Entner says that AT&T Inc. (NYSE:T) needs to make a deal to keep up with Comcast given the looming Time-Warner merger, and that DirecTV (NASDAQ:DTV) also needs to make a deal to keep up with the competition. “They both see the Grim Reaper at the horizon. DirecTV hasn’t gone out and bought spectrum. Dish has, so DirecTV needs to find a partner, and AT&T is that partner,” he said.

AT&T buying cash flow

BTIG media and technology analyst Rich Greenfield said he did not see much benefit to AT&T Inc. (NYSE:T) with this deal except for increasing cash flow. “DirecTV is a fundamentally challenging business long term. You are in an environment where the cable pipe is really evolved. It used to be that DirecTV was the market leader. They were technologically superior,” Greenfield commented on CNBC on Tuesday. “That’s simply not true anymore.”

“If you stop growing subscribers and you just harvest the cash,” Greenfield continued, “DirecTV generates a ton of cash. [Even though] it may not be a growth business over the next 10 years.”

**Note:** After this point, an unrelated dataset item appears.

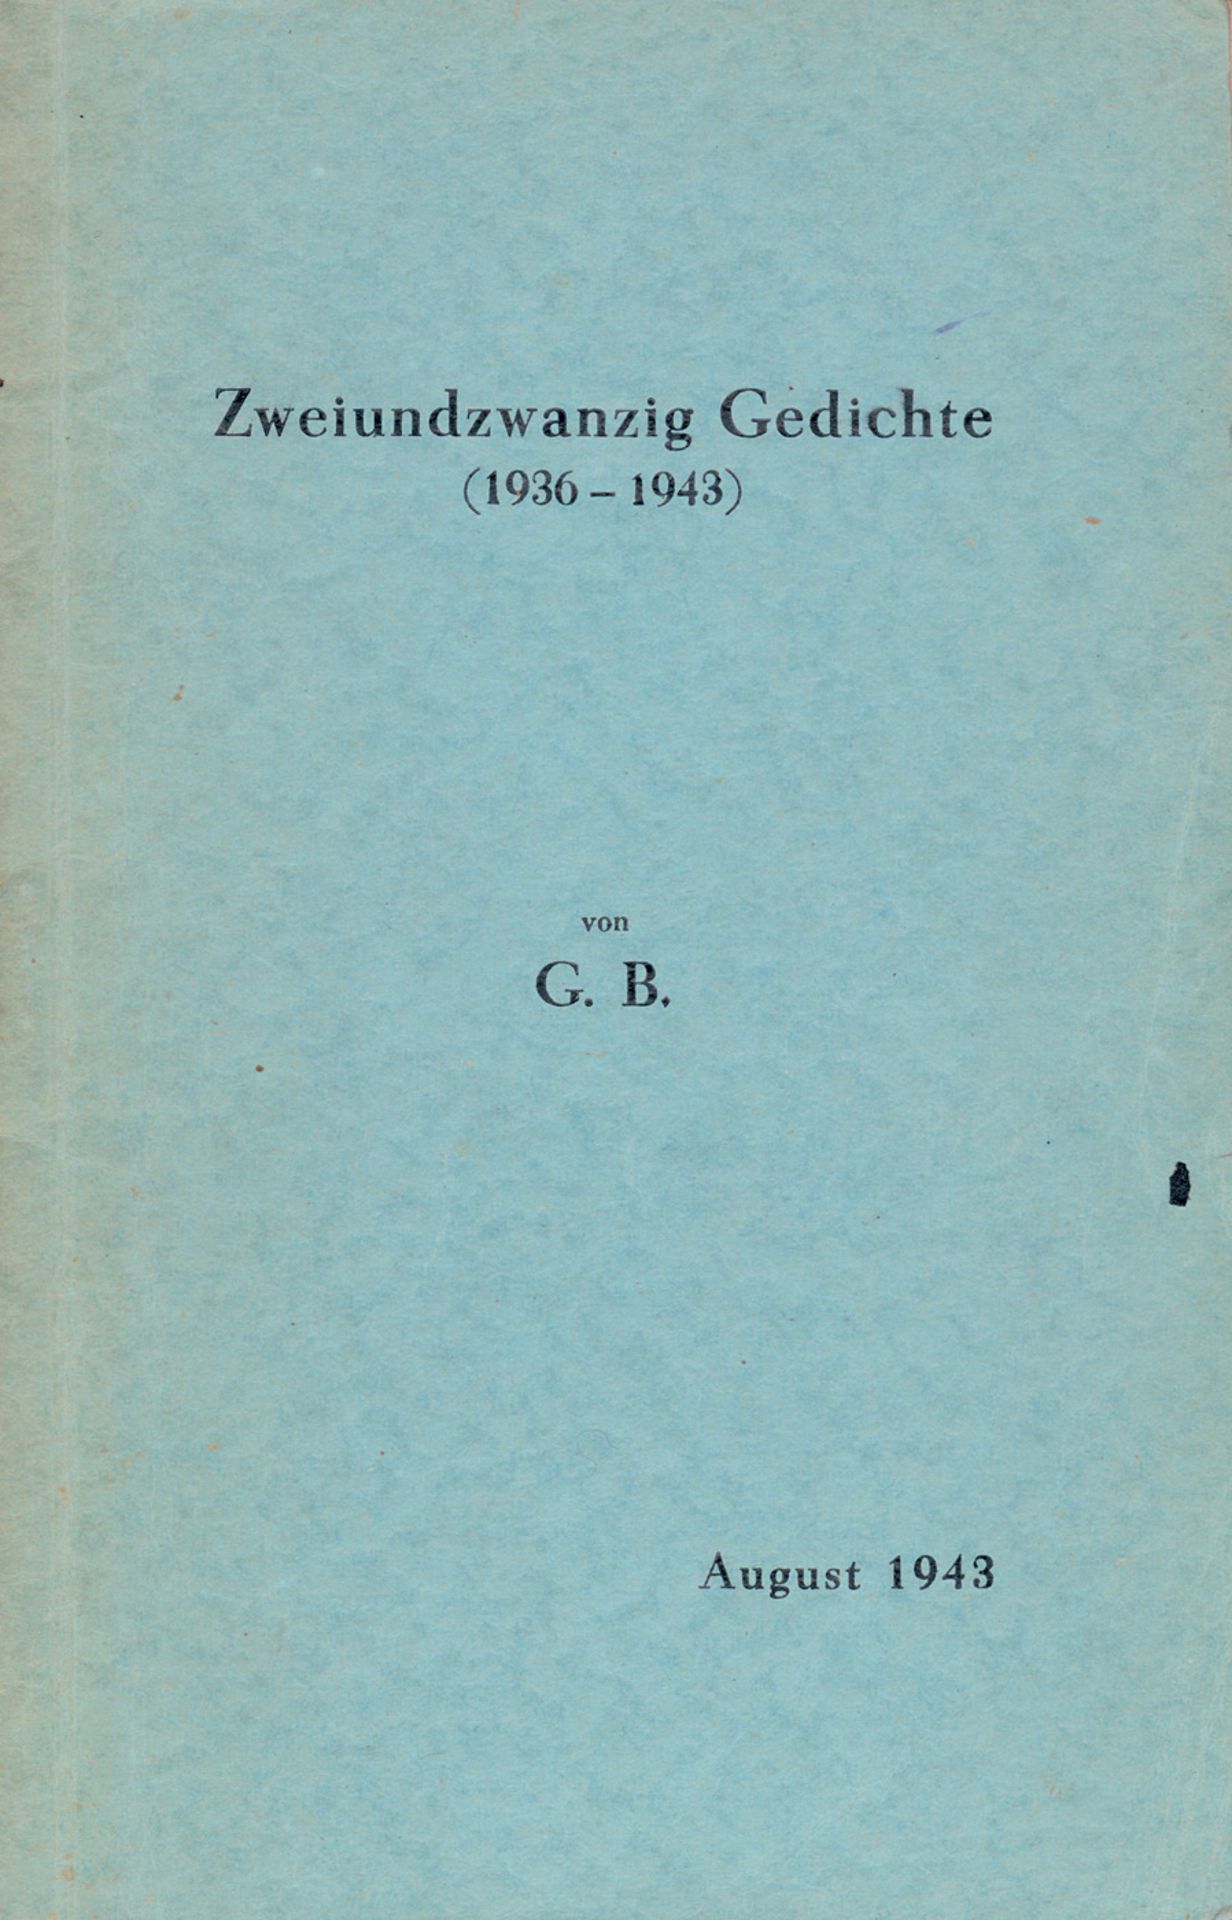 Benn, Gottfried: Zweiundzwanzig Gedichte (1936-1943)  Rarissimum mit Widmung  (Benn, Gottfried).

AT&T- DirecTV Deal: Regulatory concerns

An AT&T Inc. (NYSE:T) and DirecTV (NASDAQ:DTV) deal is likely to draw nearly as much regulatory scrutiny as that surrounding the proposed Comcast/Time-Warner deal. It will likely take some doing to convince regulators to allow further consolidation in pay TV. Neither AT&T nor DirecTV would offer any comment on reports of their negotiations.